La tête du peloton, elle, est passée à travers l’incident. Le solide Brett Lancaster (Cervélo) lance le sprint pour son leader Thor Hushovd (Cervélo) mais c’est Alessandro Petacchi (Lampre-Vini Farnese), qui surgit dans un exercice de sprint long qu’il affectionne tout particulièrement. L’Italien devance Mark Renshaw (HTC-Columbia) sprinteur de substitution de la Columbia et Thor Hushovd (Cervélo). Derrière les coureurs arrivent par petites grappes.
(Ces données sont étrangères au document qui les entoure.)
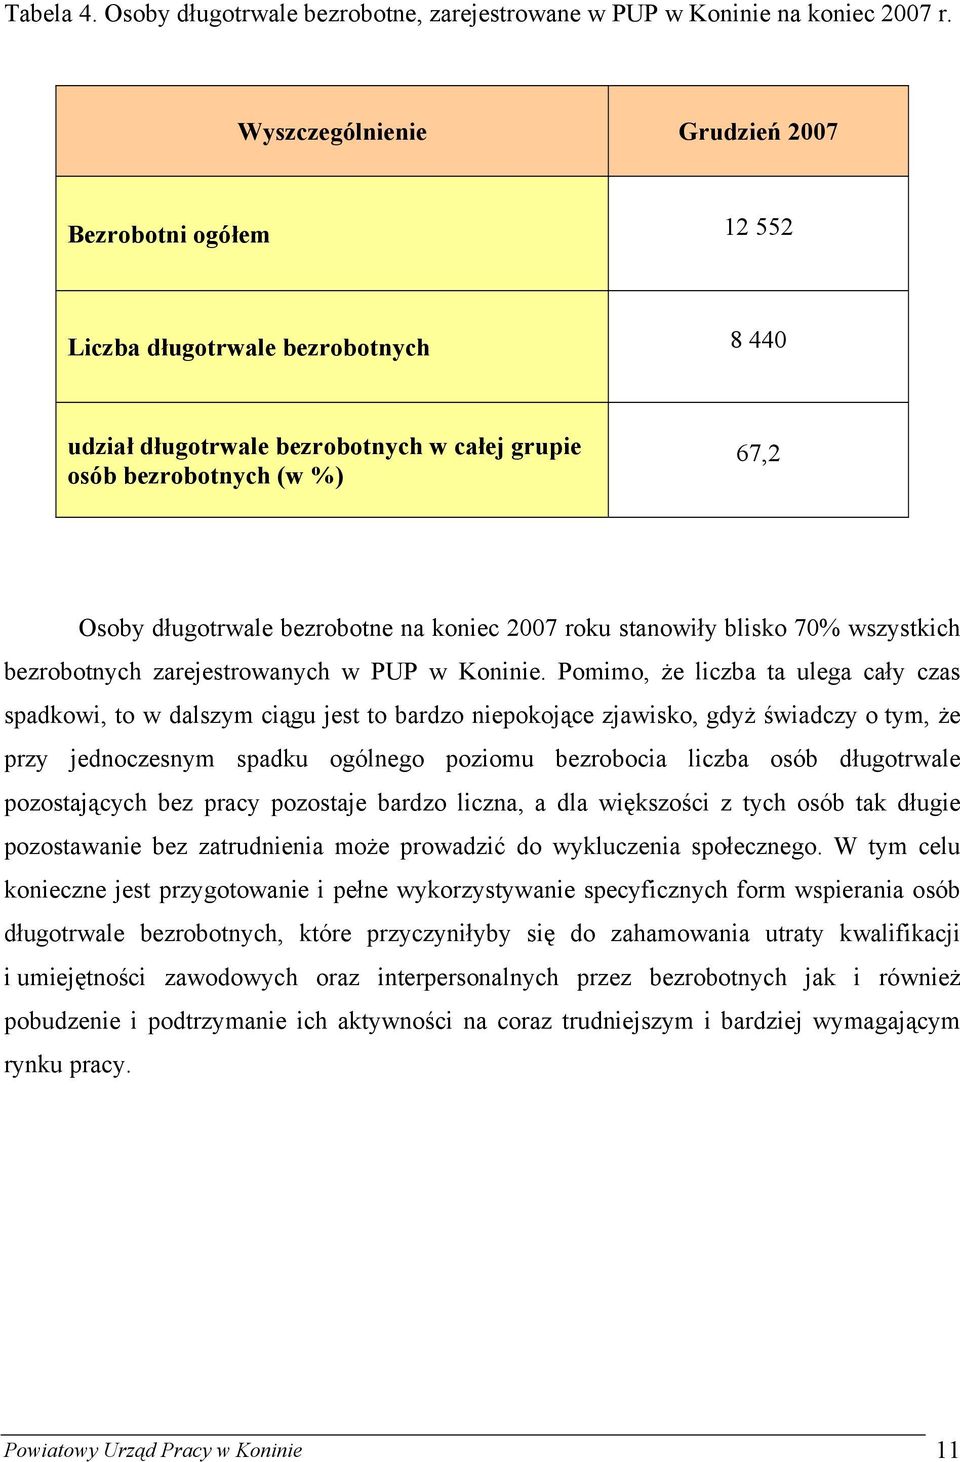 na koniec 2007 roku stanowiły blisko 70% wszystkich bezrobotnych zarejestrowanych w PUP w Koninie.

Les visages sont marqués, les mâchoires serrées, comme si la plupart condamnaient la folie qui venait de s’emparer d’un peloton, dont la trajectoire dans ses derniers kilomètres de course était semblable, à celle d’un missile sans tête. Petacchi, tout de vert vêtu, a lui le sourire. En 2004, il avait quitté le Tour après une mauvaise chute dans la première semaine. Il n’y était plus revenu depuis. A 36 ans, le Ligurien a vaincu le signe indien.
Classement de l’étape 1 :
1. Alessandro Petacchi (ITA,Lampre-farnese Vini)
2. Mark Renshaw (AUS,HTC-Columbia)
3. Thor Hushovd (NOR, Cervelo TestTeam)
4. Robbie McEwen (AUS,Katusha)
5. Matthieu Ladagnous (FRA, Française des Jeux)
6. Daniel Oss (ITA,Liquigas-Doimo)
7. Jose Joaquin Rojas Gil (ESP, Caisse d’Epargne)
8. Christian Knees (ALL,Team Milram)
9. Ruben Perez Moreno (ESP, Euskaltel – Euskadi)
10.Jurgen Roelandts (BEL, Omega Pharma-Lotto) m.t
Classement complet
Classement général :
1. Fabian Cancellara (SUI, Team Saxo Bank)
2. Tony Martin (ALL, HTC-Columbia) à 10sec.
3. David Millar (GBR, Garmin-Transitions) à 20sec.
4. Lance Armstrong (USA, Team Radio Shack) à 22sec.
5. Geraint Thomas (GBR, Team Sky) à 23sec.
6. Alberto Contador (ESP, Astana) à 27sec.
7. Tyler Farrar (Garmin-Transitions) à 28sec.
8. Levi Leipheimer (USA, Team Radio Shack) à 28sec.
9. Edvald Boassen Hagen (NOR, Team Sky) à 32sec.
10.Linus Gerdemann (ALL, Milram) à 35sec.